Cassandra Lunch #75: Getting Started with DataStax Enterprise (DSE) on Docker

6/29/2022

Reading time:8

Cassandra Lunch #75: Getting Started with DataStax Enterprise (DSE) on Docker - Business Platform Team

This resource is based on an article originally published here.

In Apache Cassandra Lunch #75: Getting Started with DataStax Enterprise (DSE) on Docker, we discussed getting started with DataStax Enterprise on Docker, we discussed some of the applications that make up the DataStax ecosystem. In the process we pulled some Docker images of the applications we are interested in and we got into working with the DSE Search, DSE Analytics with Spark, and DSE Graph on the Docker desktop. We were able to learn about these tools and their strengths. The live recording of Cassandra Lunch, which includes a more in-depth discussion and a demo, is embedded below in case you were not able to attend live. If you would like to attend Apache Cassandra Lunch live, it is hosted every Wednesday at 12 PM EST. Register here now!

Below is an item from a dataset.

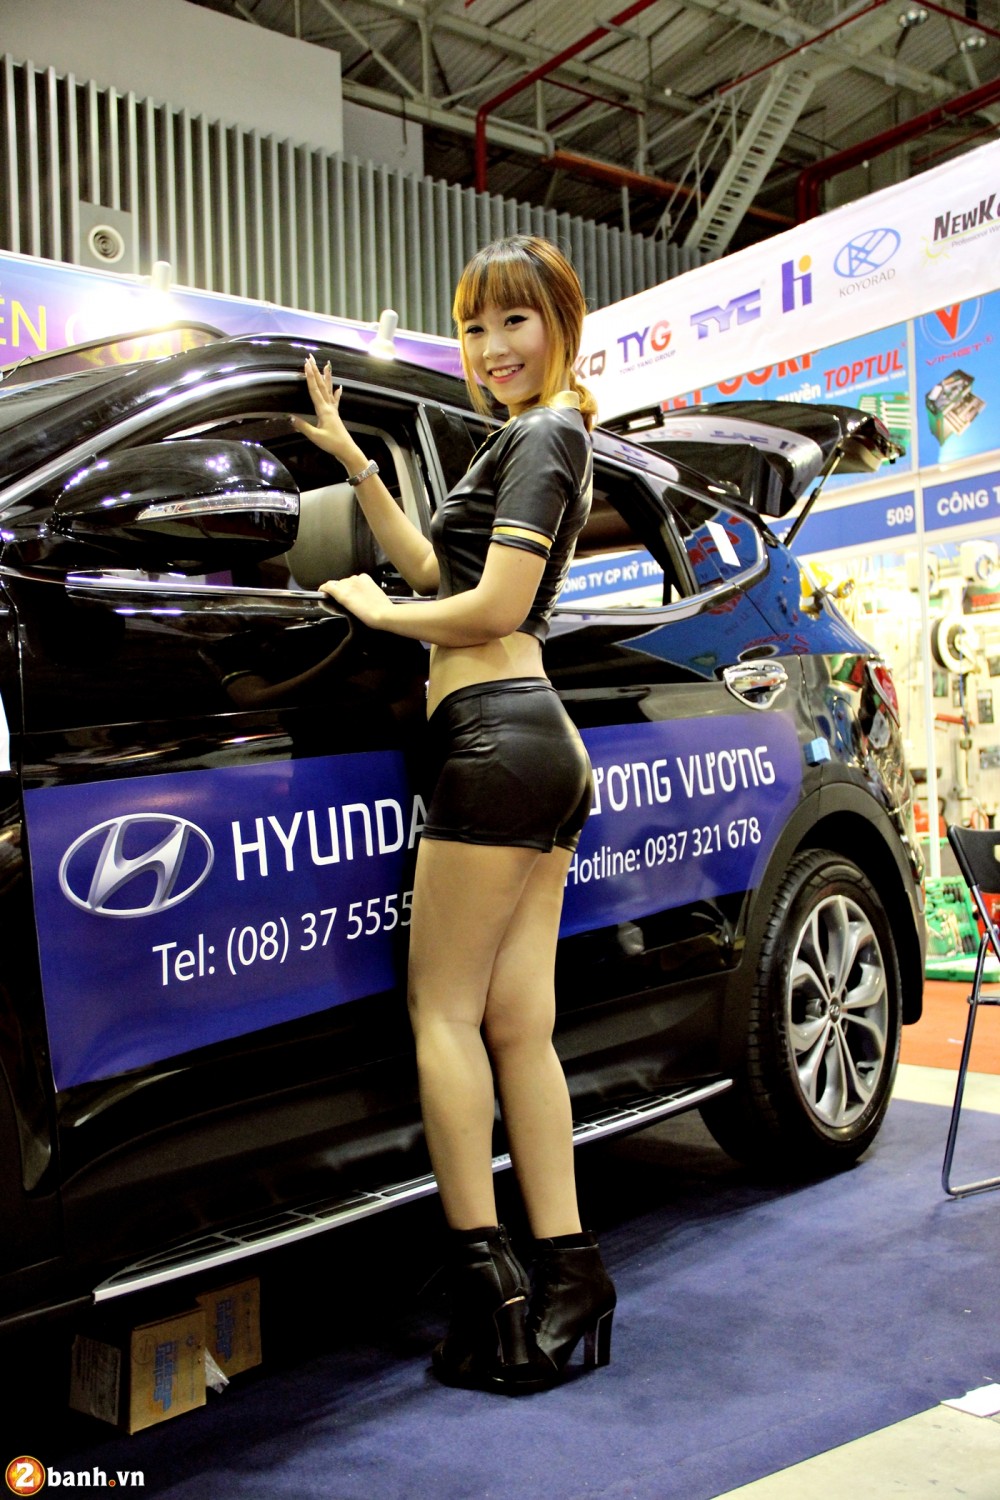 Saigon Autotech Accessories 2014 Trien lam cong nghiep O to xe may - 18
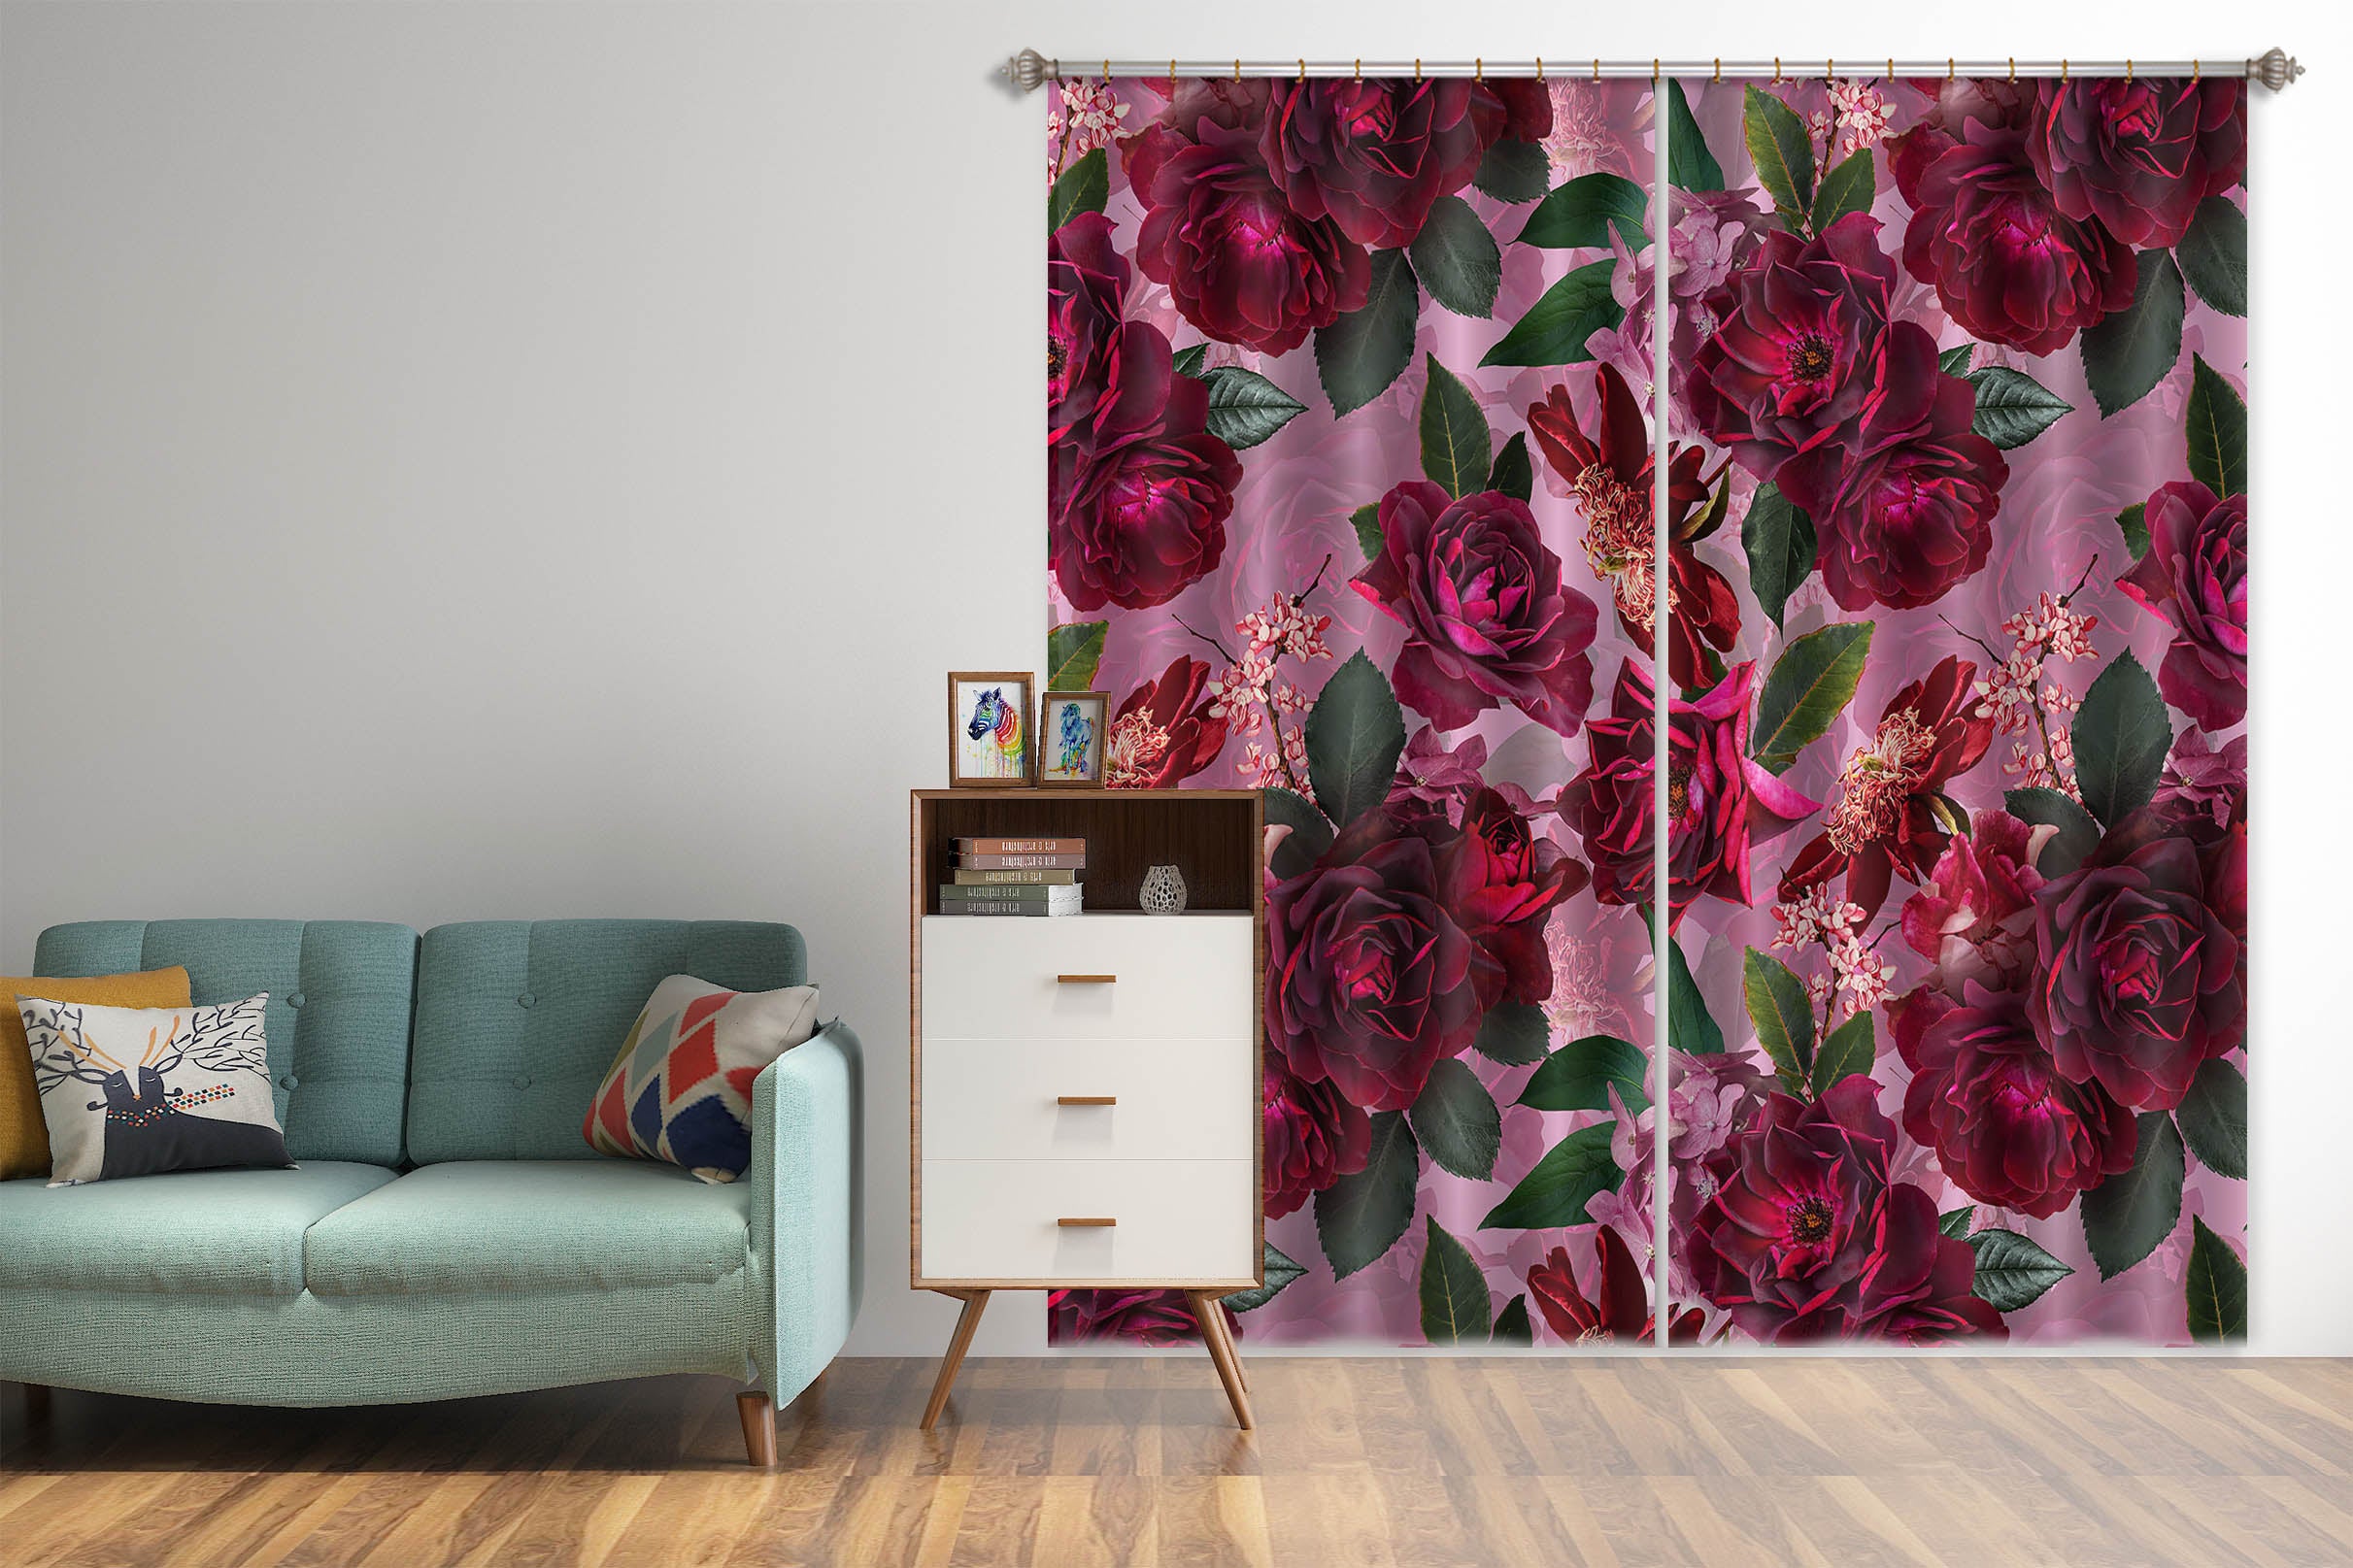 3D Purple Rose 120 Uta Naumann Curtain Curtains Drapes

Getting Started with DataStax Enterprise (DSE) on Docker

In this article, we are going to look at getting started with DataStax Enterprise on Docker. Recently, there have been lots of shifts in looking at how data problems can be solved by NoSQL databases. There are different problems in using relational databases that are very difficult to navigate.

One of the interesting features of NoSQL databases is the ability to scale whenever there is a daunting and disturbing workload that may cause applications to go offline. Interestingly, customers are very good at waiting to get responses at a longer time, as such your application must be available at all times, there must not be downtime.

Due to the fact that Cassandra is known to be scalable and highly available, different companies have been working on using Apache Cassandra as their application database. DataStax Enterprise has done a great deal of work by building transformational data architectures for applications, microservices, and experiences that require data sovereignty, availability, scale, agility, and accessibility by any user. They have built different applications by leveraging Apache Cassandra and building enterprise applications that make application deployment much earlier.

One of these applications is the DataStax Enterprise (DSE), built on Apache Cassandra which is well known for 100% uptime, unmatched low latency, and it also has the ability to handle massive data at a planetary scale.

A diagram showing DSE Analytics, DSE Search and DSE Graph feature enabled in DSE

There are different packages and capabilities that have been introduced into the DataStax Enterprise ecosystem, we are going to look at some of these software. As part of this, we are going to provision these software on Docker containers and work with them. We are going to look at working with DSE Search, DSE Analytics (Spark), and DSE Graph to demonstrate handling data workloads.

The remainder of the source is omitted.